Assuming that the first preset time period is 12-00-12 and the time duration is 1 minute, the specific implementation steps of the scheme provided by this embodiment can be as shown in fig. 3 b. Firstly, a directory where the log files on the up-down line are located within 1 minute of the first preset time period is obtained, and the directory may include one or more log files on the up-down line. And traversing all the log files of the upper and lower lines under the directory, if the log files which are not analyzed exist, executing log analysis in parallel through one or more analysis threads in a mode of creating a log analysis thread until all the log files of the upper and lower lines within 1 minute of the first preset time period are analyzed. And then, the uplink and downlink states of at least one network user in communication connection with the dummy network element can be determined, and the uplink and downlink states of the dummy network element can be further judged.
Based on the solution provided in the foregoing embodiment, optionally, the resource state tree includes a non-leaf node that characterizes a dummy network element of the home wide network and a leaf node that characterizes an uplink and downlink status of the at least one network user, and a connection relationship between the leaf node and the non-leaf node in the resource state tree corresponds to a communication connection relationship between the dummy network element of the home wide network and the at least one network user;
as shown in fig. 4, the step S13 includes:
s41: and updating leaf nodes of the resource state tree according to the up-down state of the at least one network user, so that the leaf nodes carry up-down state information of the network user.
S42: and determining the up-down line state of the dumb network element of the home wide network according to the up-down line state information of the network user carried by the leaf node in the resource state tree and the connection relation between the leaf node and the non-leaf node in the resource state tree.
In the scheme provided by the embodiment of the application, the resource state tree is updated according to the uplink and downlink states of each network user, and the uplink and downlink states of the network users are represented by each leaf node in the resource state tree in real time, so that the uplink and downlink states of the dumb network element can be determined directly according to the uplink and downlink states represented by each leaf node in the resource state tree in the subsequent step, and the efficiency of determining the uplink and downlink states of the dumb network element is effectively improved.
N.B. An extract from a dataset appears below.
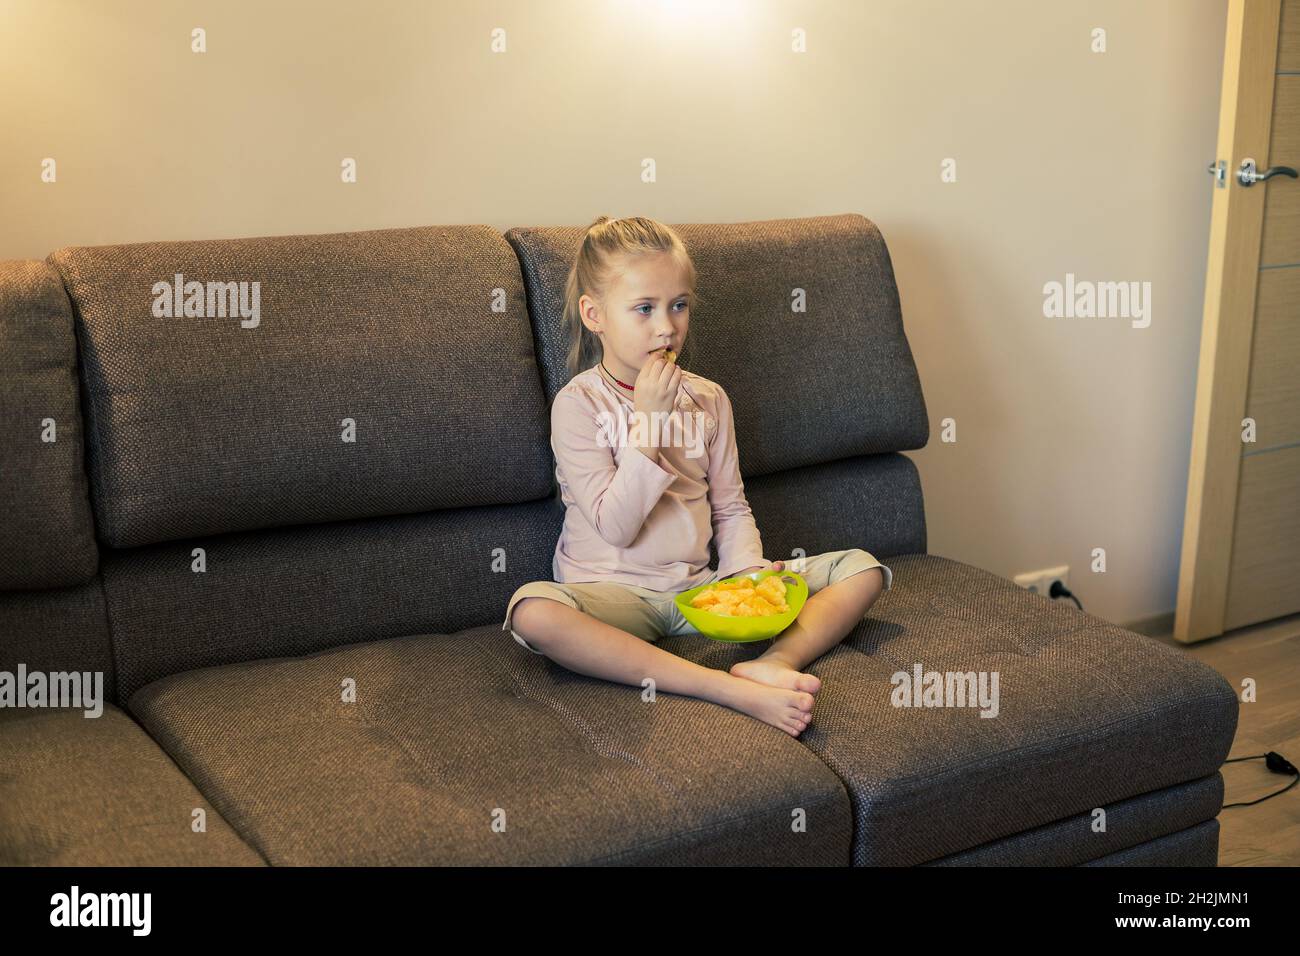 Beautiful little girl eating unhealthy food while watching TV at the sofa Stock Photo

Based on the solution provided by the foregoing embodiment, optionally, as shown in fig. 5a, step S42 includes:
s51: and when the leaf nodes connected with the target non-leaf node comprise at least one leaf node which represents that the network user is in an on-line state, determining that the dumb network element of the home-wide network represented by the target non-leaf node is in the on-line state.
S52: and when the network users represented by the leaf nodes connected with the target non-leaf node are all in the offline state, determining that the dummy network elements of the home-wide network represented by the target non-leaf node are in the offline state.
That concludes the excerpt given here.